00:17:51.340 | In case you're wondering, because Gemini is a multimodal model, it can see images too.
00:17:56.620 | You can interact with patients and ask them to provide images.
00:17:59.940 | The model can also interact with primary care physicians and ask for things like x-rays.
00:18:04.620 | And most surprisingly to me, it can also interact with surgeons to help boost performance.
00:18:10.260 | Yes, that's video assistance during live surgery.
00:18:13.640 | Of course, they haven't yet deployed this for ethical and safety reasons, but Gemini
00:18:18.120 | is already capable of assessing a video scene and helping with surgery.
00:18:23.060 | For example, by answering whether the critical view of safety criteria are being met.
00:18:27.780 | Do you have a great view of the gallbladder, for example.
00:18:31.260 | And MedGemini could potentially guide surgeons in real time during these complex procedures
00:18:35.760 | for not only improved accuracy, but patient outcomes.
00:18:39.840 | Notice the nuance of the response from Gemini, oh, the lower third of the gallbladder is
00:18:44.560 | not dissected off the cystic plate.
00:18:47.240 | And the authors list many improvements that they could have made, they just didn't have
00:18:51.120 | time to make.
00:18:52.120 | For example, the models were searching the wild web.
00:18:55.520 | And one option would be to restrict the search results to just more authoritative medical
00:19:00.920 | sources.
00:19:01.920 | The catch though, is that this model is not open sourced and isn't widely available.
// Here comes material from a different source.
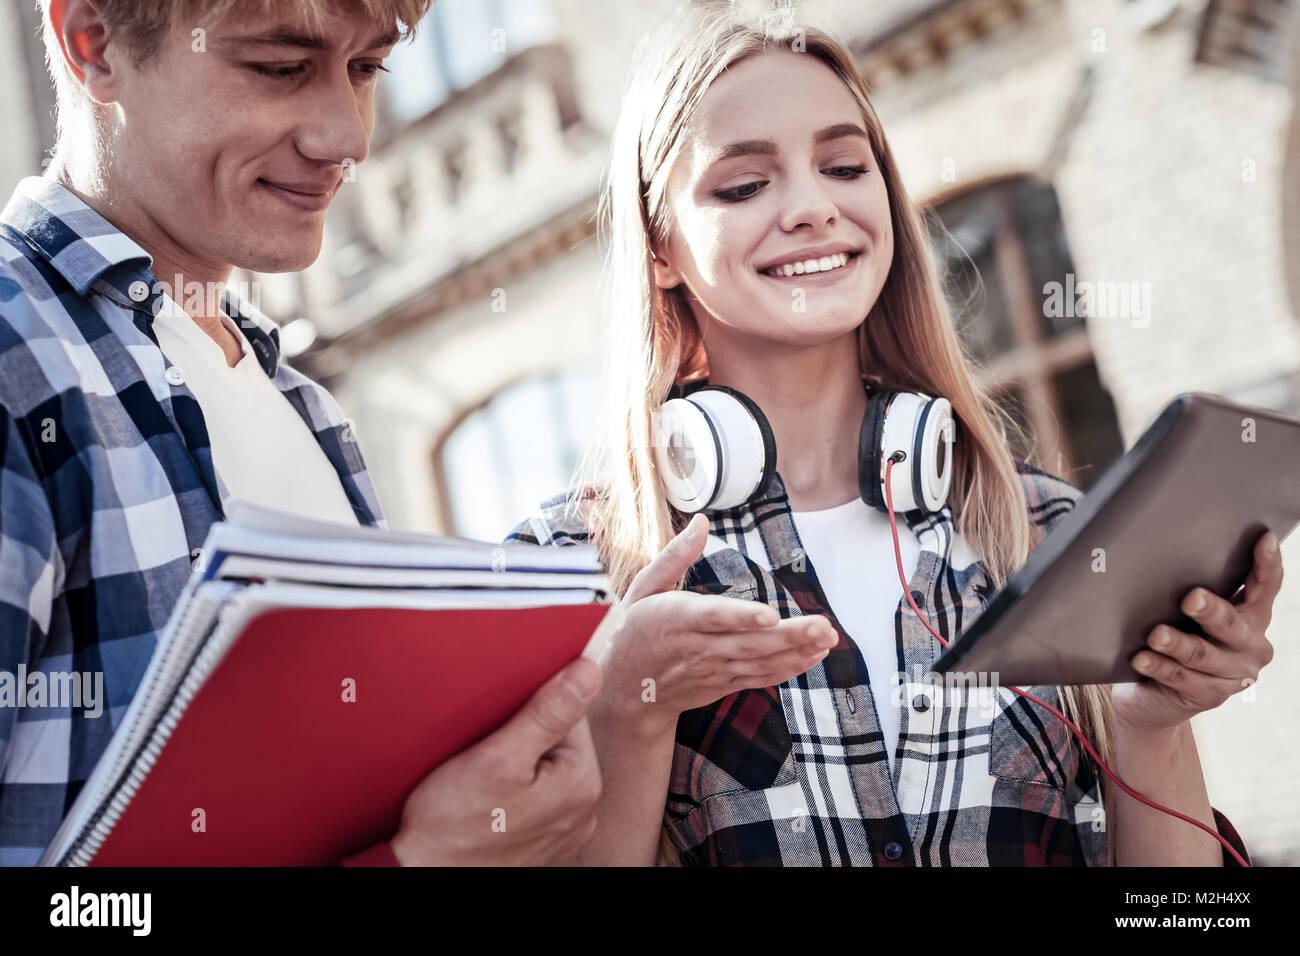 Joyful positive students talking to each other - Stock Image

00:19:06.240 | Due to, they say, the safety implications of unmonitored use.
00:19:10.200 | I suspect the commercial implications of open sourcing Gemini also had something to do with
00:19:16.080 | But here's the question I would set for you.
00:19:17.360 | We know that hundreds of thousands or even millions of people die due to medical mistakes
00:19:21.860 | around the world.
00:19:22.860 | So if and when MedGemini 2, 3 or 4 becomes unambiguously better than all clinicians at
00:19:29.640 | diagnosing diseases, then at what point is it unethical not to at least deploy them in
00:19:35.640 | assisting clinicians?
00:19:36.640 | That's definitely something at least to think about.
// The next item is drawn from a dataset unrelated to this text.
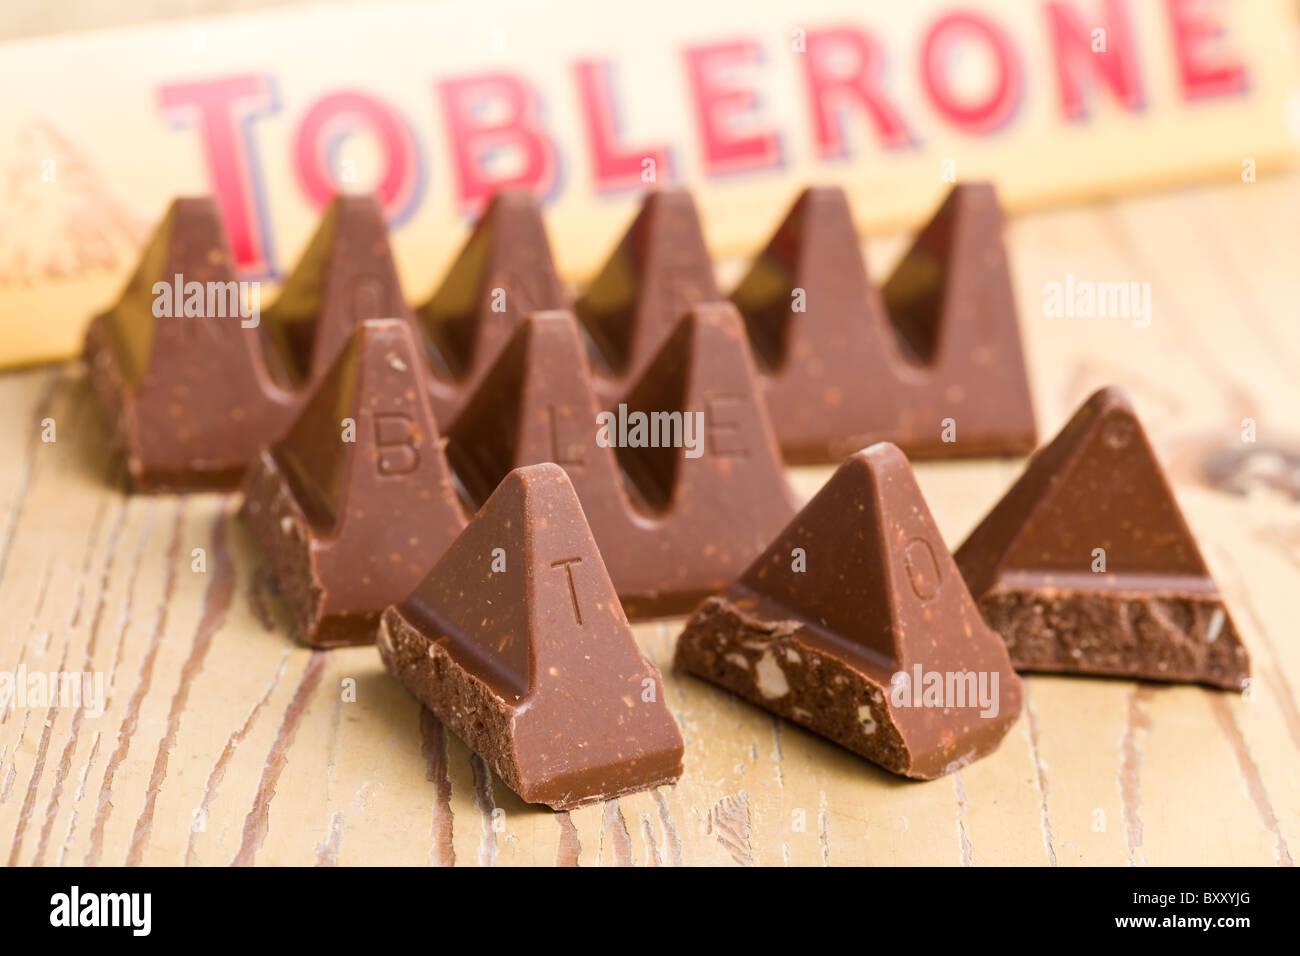 toblerone chocolate Stock Photo, Royalty Free Image: 33783864 - Alamy

00:19:39.400 | Overall, this is exciting and excellent work.
00:19:42.000 | So many congratulations to the team.
00:19:44.640 | And in a world that is seeing some stark misuses of AI, as well as increasingly autonomous
00:19:51.240 | deployment of AI, like this autonomous tank, the fact that we can get breakthroughs like
00:19:56.440 | this is genuinely uplifting.
00:19:58.640 | Thank you so much for watching to the end and have a wonderful day.